### ACTIVITY
Output the full listing below exactly as it reads, and skip anything that is a picture.

### DATA EXCERPT
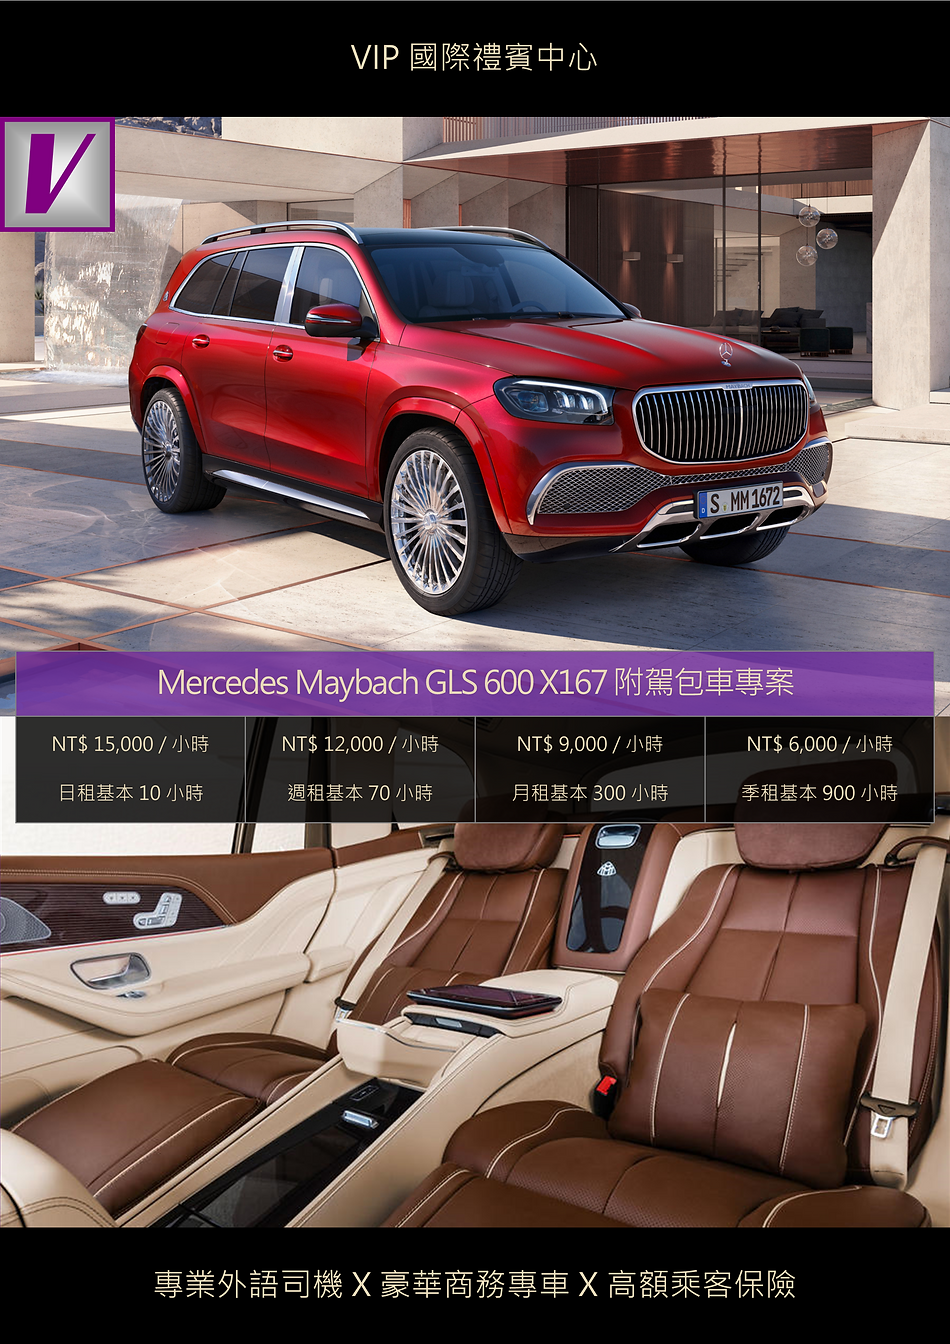 VIP國際禮賓中心 MERCEDES MAYBACH GLS 600 X167 附駕包車專案 DM.png
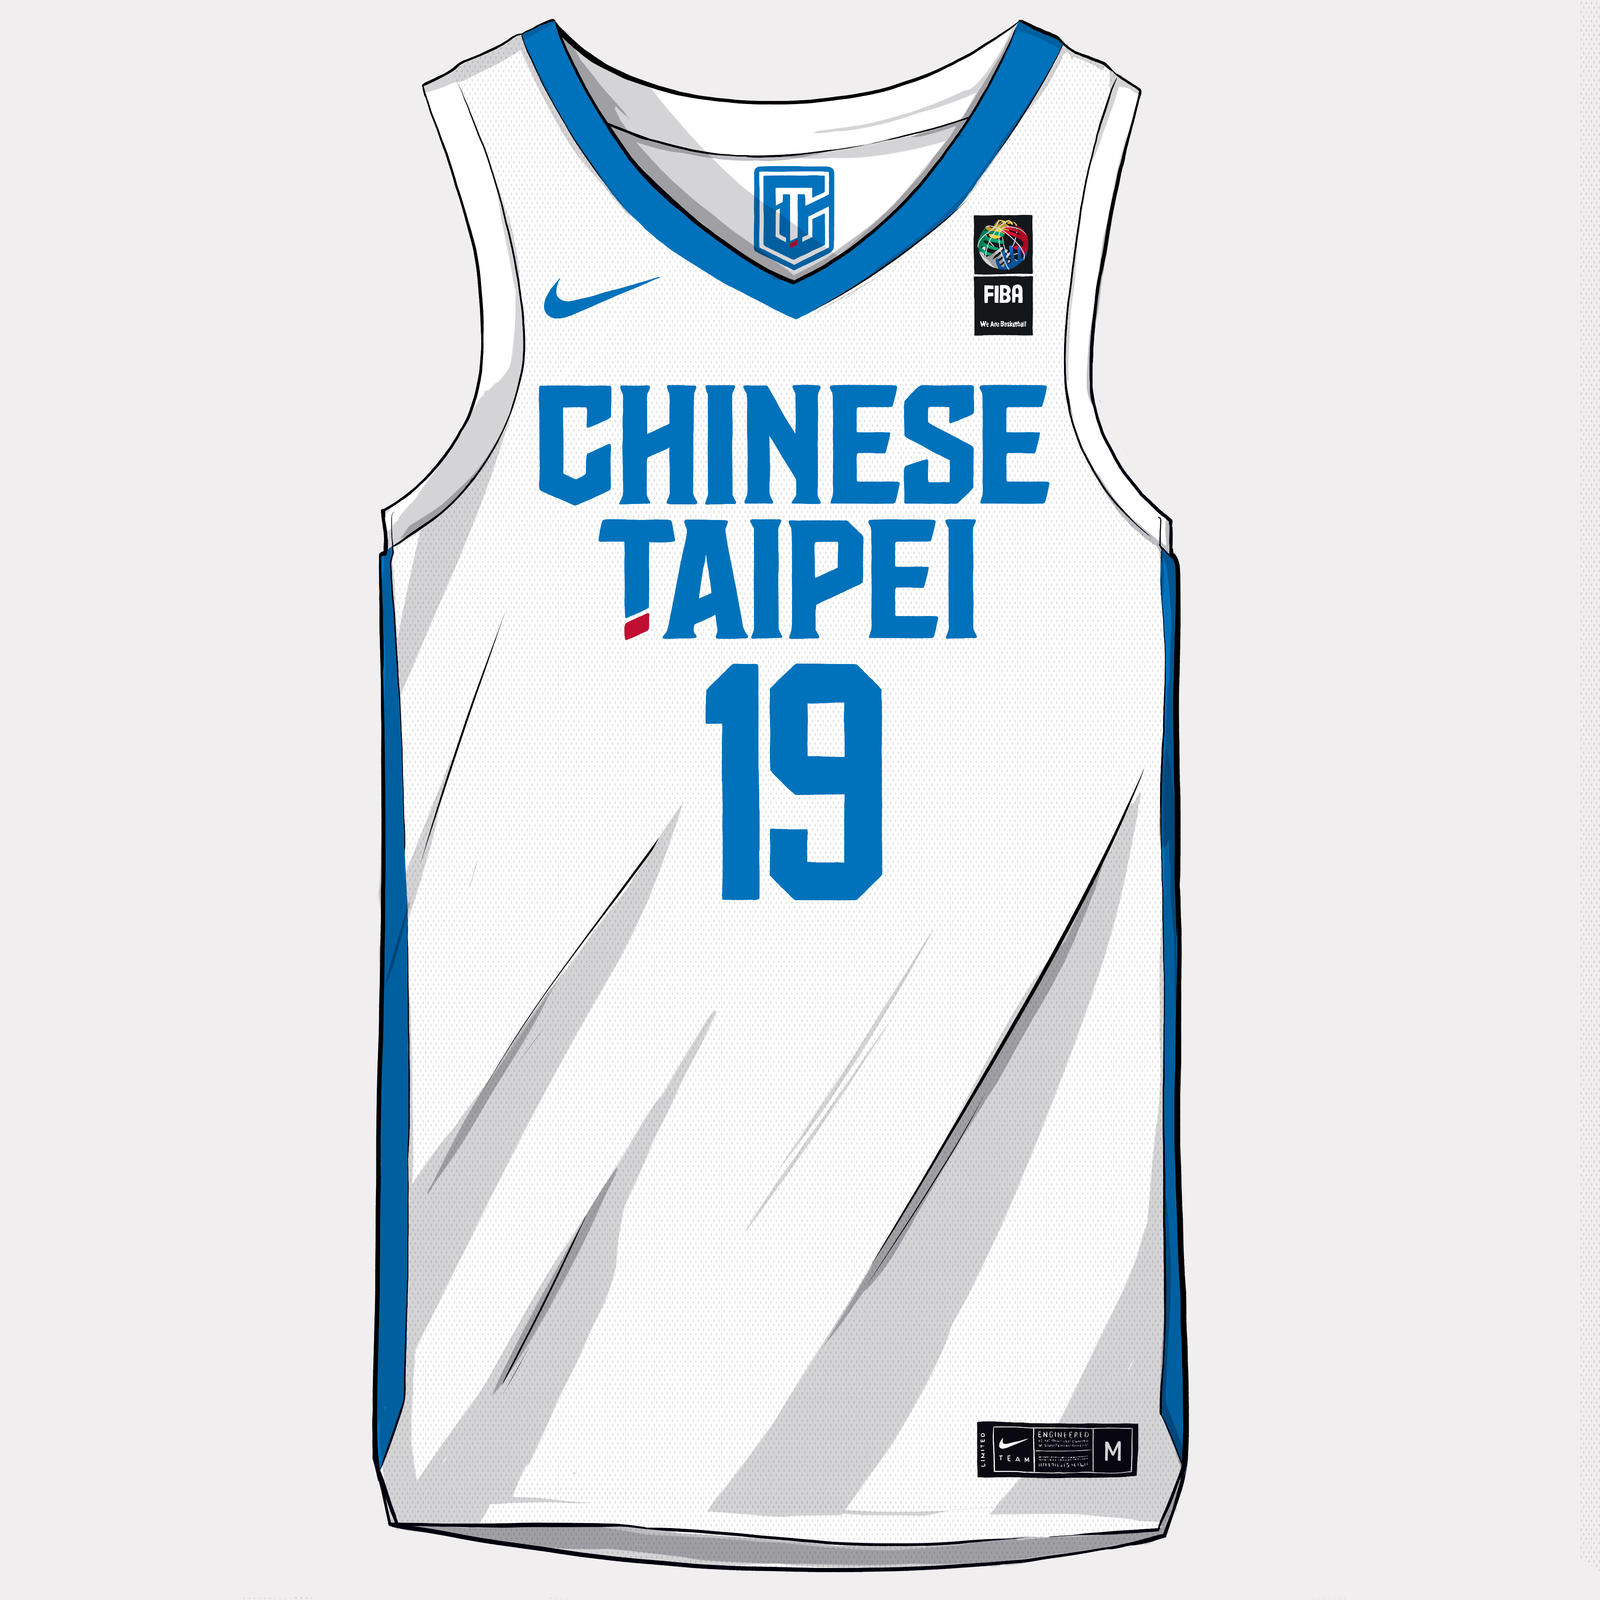 nike-news-chinese-taipei-national-team-kit-2019-illustration-1x1_2_89510.jpg
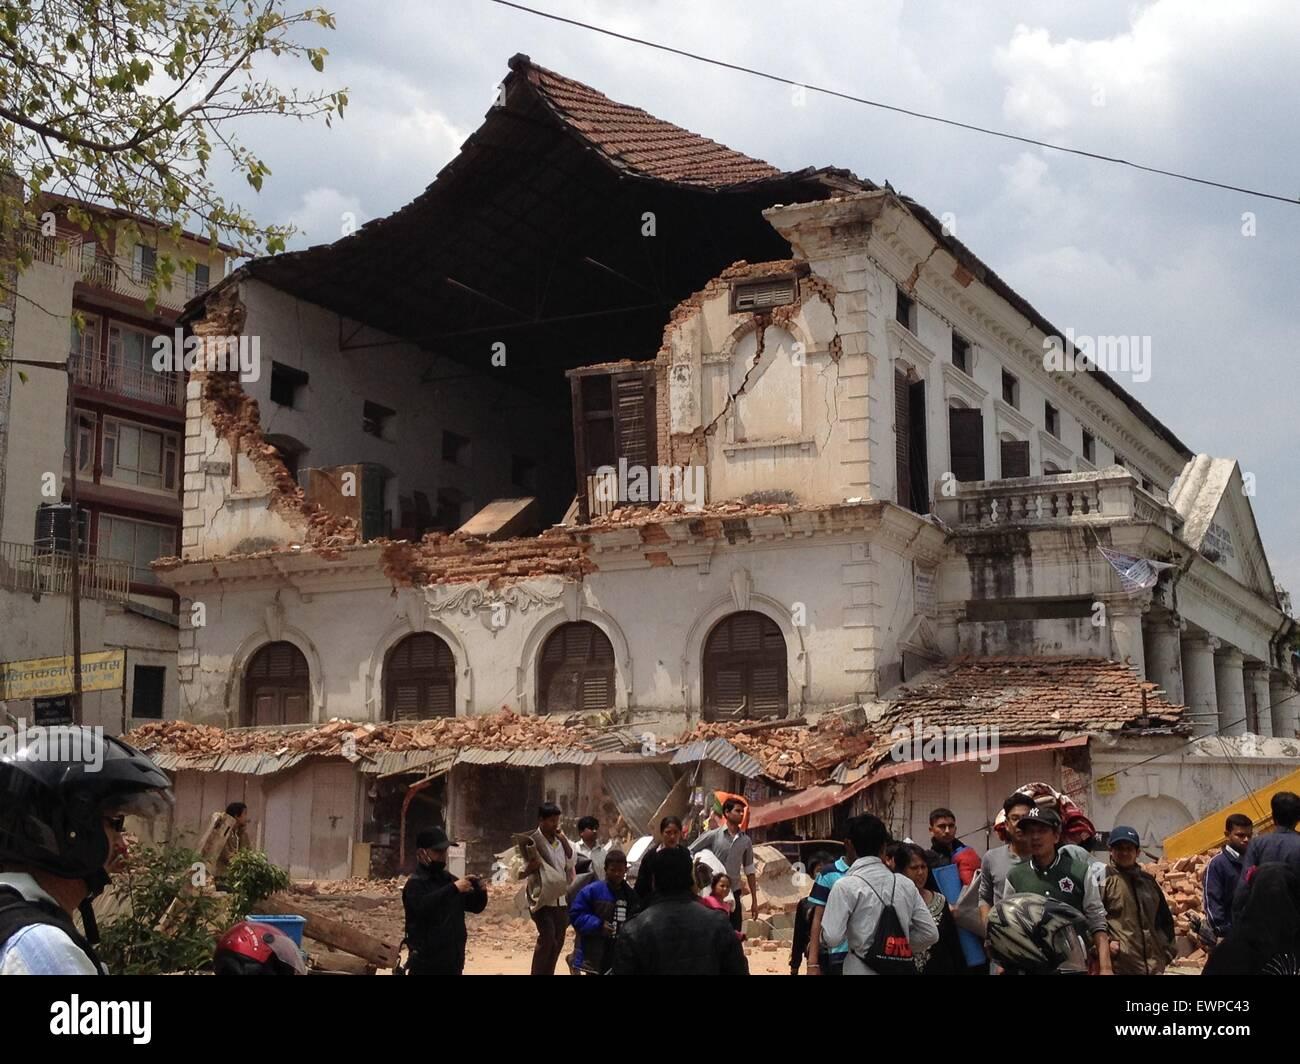 Kathmandu Durbar High School Collapsed After The

### ANSWER BOX
 VIP國際禮賓中心 MERCEDES MAYBACH GLS 600 X167 附駕包車專案 DM.png
 nike-news-chinese-taipei-national-team-kit-2019-illustration-1x1_2_89510.jpg
 Kathmandu Durbar High School Collapsed After The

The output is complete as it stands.